Short courses will all take place on Monday, October 10. Short Courses are not included in the registration cost – you must purchase them separately.

They will be held as a morning session (8:30 – 12:30) or an afternoon session (14:30 – 18:30) CEST. View more details about the hybrid conference format here.

Morning Courses Presenter(s)
1. Ultrafast Ultrasound Imaging: Basic Principles and Applications
Mickael Tanter
2. Artificial Intelligence in Ultrasound Imaging
Yonina Eldar and Ruud van Sloun
3. Essentials of Ultrasound Imaging: An Introduction
Tom Szabo and Peter Kaczkowski
4. Acoustic Wave Theory; from acoustic field equations to imaging and full-waveform inversion
Koen van Dongen
5. Fundamentals of Physical Acoustic Waves (VIRTUAL)
Ji Wang
6. Acoustic waves in nonlinear elastic media: An introduction to basic principles and modelling
Andreas Mayer
7. Piezoelectric Fundamentals: Materials and Transducers
Sandy Cochran and Susan Trolier-McKinstry
Afternoon Courses Presenter(s)
8. Super-resolution Ultrasound
Olivier Couture and Vincent Hingot
9. Ultrasound Signal Processing with GPUs — Introduction to Parallel Programming
Marcin Lewandowski and Billy Yiu
10. Therapeutic applications of focused ultrasound: From biophysic to clinical application
Meaghan O'Reilly and David Melodelima
11. Machine Learning & Signal Analysis for Ultrasonic Imaging, Nondestructive Testing and Communication Applications
Jafar Saniie and Erdal Oruklu
12. Acoustic Tweezing
Charles Courtney
13. Finite Element Modelling of Acoustic Resonators
Yook-Kong Yong
14. Resonant Actuators for Photonic and Quantum Systems
Sunil Bhave
15. Medical Ultrasound Transducers (PARTIALLY VIRTUAL)
David Mills and Scott Smith (Virtual) and Tore Bjaastad (Onsite)


Click on the Course name to view the speaker(s) and abstract.

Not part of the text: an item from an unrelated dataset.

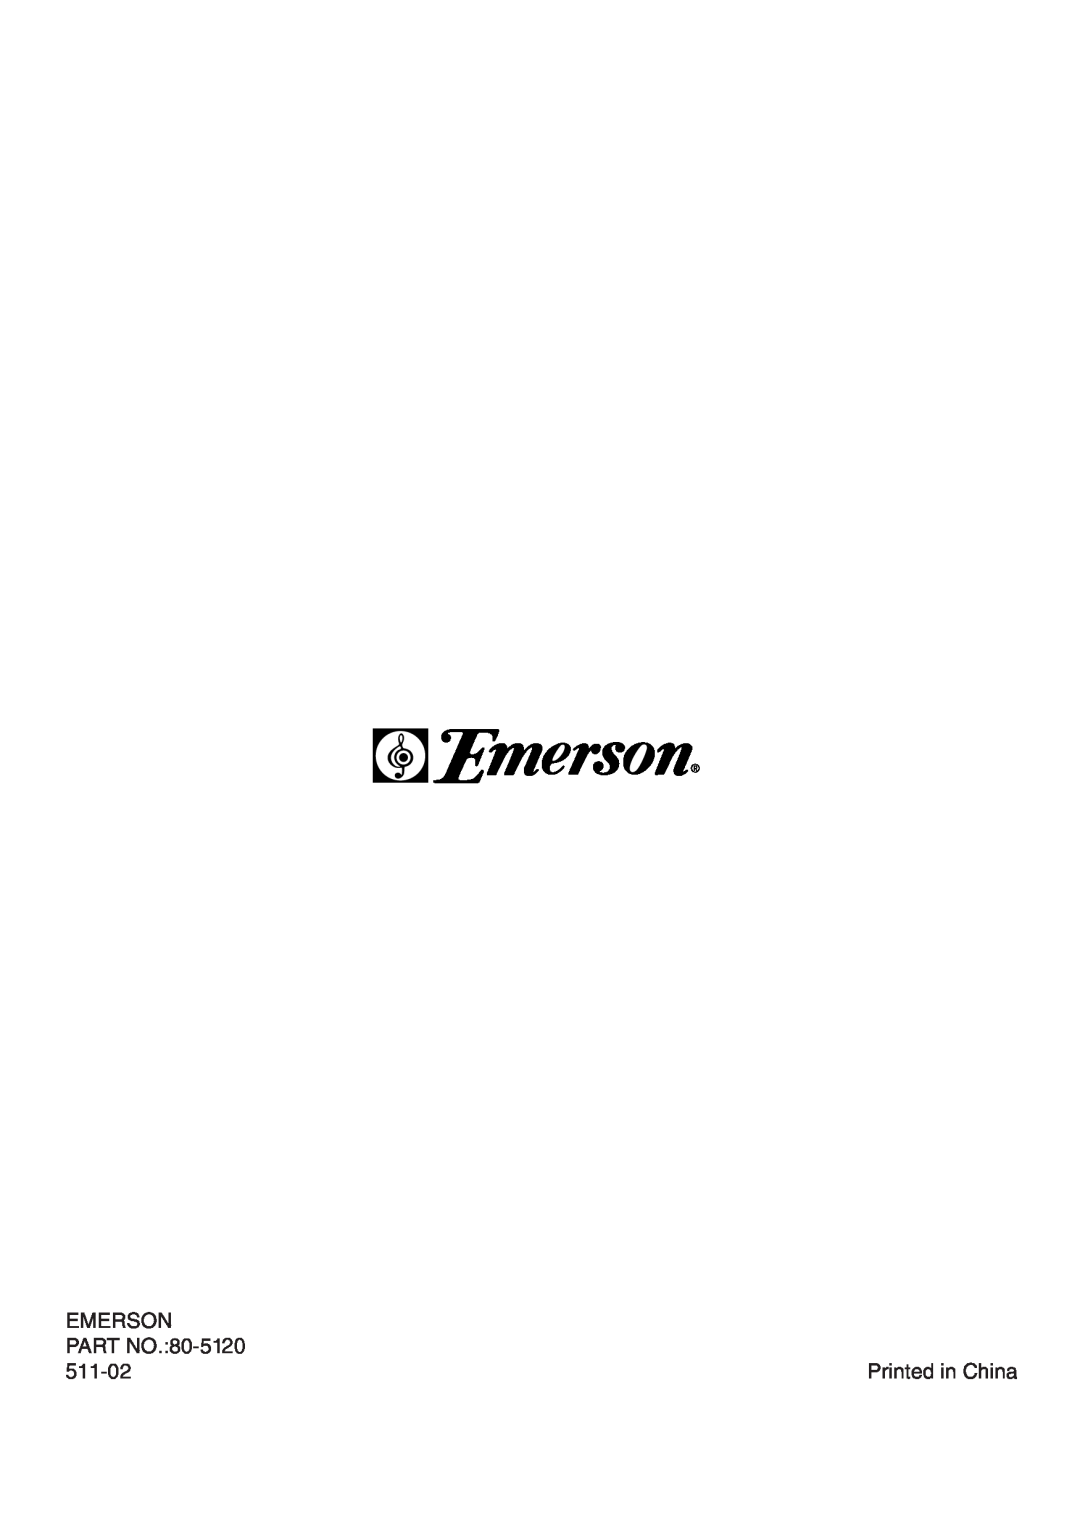 Emerson MW8991SB owner manual Emerson, PART NO.80-5120, 511-02, Printed in China

Speakers: Charles Courtney Acoustic tweezers are devices that use configurable ultrasonic acoustic fields to trap and then maneuver small objects. In order to develop devices and strategies for dexterous manipulation in these devices we must understand: the underlying physics that produces the acoustic radiation force, the acoustic fields that cause trapping and how these fields can be generated in practice. In this course the physical principles that lead to the Gor’kov equation (which determines the forces on objects much smaller than the acoustic field’s wavelength) will be described and the equation derived. Alternative scattering regimes, for larger objects will also be considered using ray acoustics and numerical modelling. The various methods and devices that have been designed to dexterously manipulate microparticles will be reviewed. Examples of recent applications will be discussed in context of the described theory and methods.

Speakers: Koen van Dongen

To design and build your own imaging or full-waveform inversion method, it is important to have a good and solid understanding of the mechanism underlying the propagation – including scattering, refraction, diffraction, etc – of acoustic wave fields in heterogeneous media. Consequently, we will start our course by a derivation of the acoustic field equations (equation of motion and equation of deformation) using simple laws from mechanics. We will show that the acoustic wave field composes of a pressure and a velocity wave field, and that linearized versions of the field equations are used to derive the wave equation for linear acoustics. A similar approach is used to derive the Westerveld equation for non-linear acoustics. Subsequently, we will discuss different solution strategies for modelling acoustic wave fields in heterogeneous media, as well as the concepts behind Kirchhoff Integrals, Rayleigh I and II, and evanescent waves. Finally, we combine all these concepts to explain the theory behind imaging and (non-linear) full-waveform inversion for quantitative ultrasound imaging.

Speakers: Andreas Mayer

Nonlinearity in the context of ultrasonic waves has gained increasing attention in recent years for various reasons. In micro-acoustic devices for mobile communication, nonlinear effects can lead to signal corruption and require countermeasures, especially in view of tightening linearity requirements by new standards like 5G. In the field of non-destructive evaluation, nonlinearity is a desired effect, as it provides a better chance to detect, with the help of ultrasound, defects and pre-fatigue at an earlier stage as compared to the linear regime. Nonlinear effects have to be well understood for their efficient use or design of countermeasures.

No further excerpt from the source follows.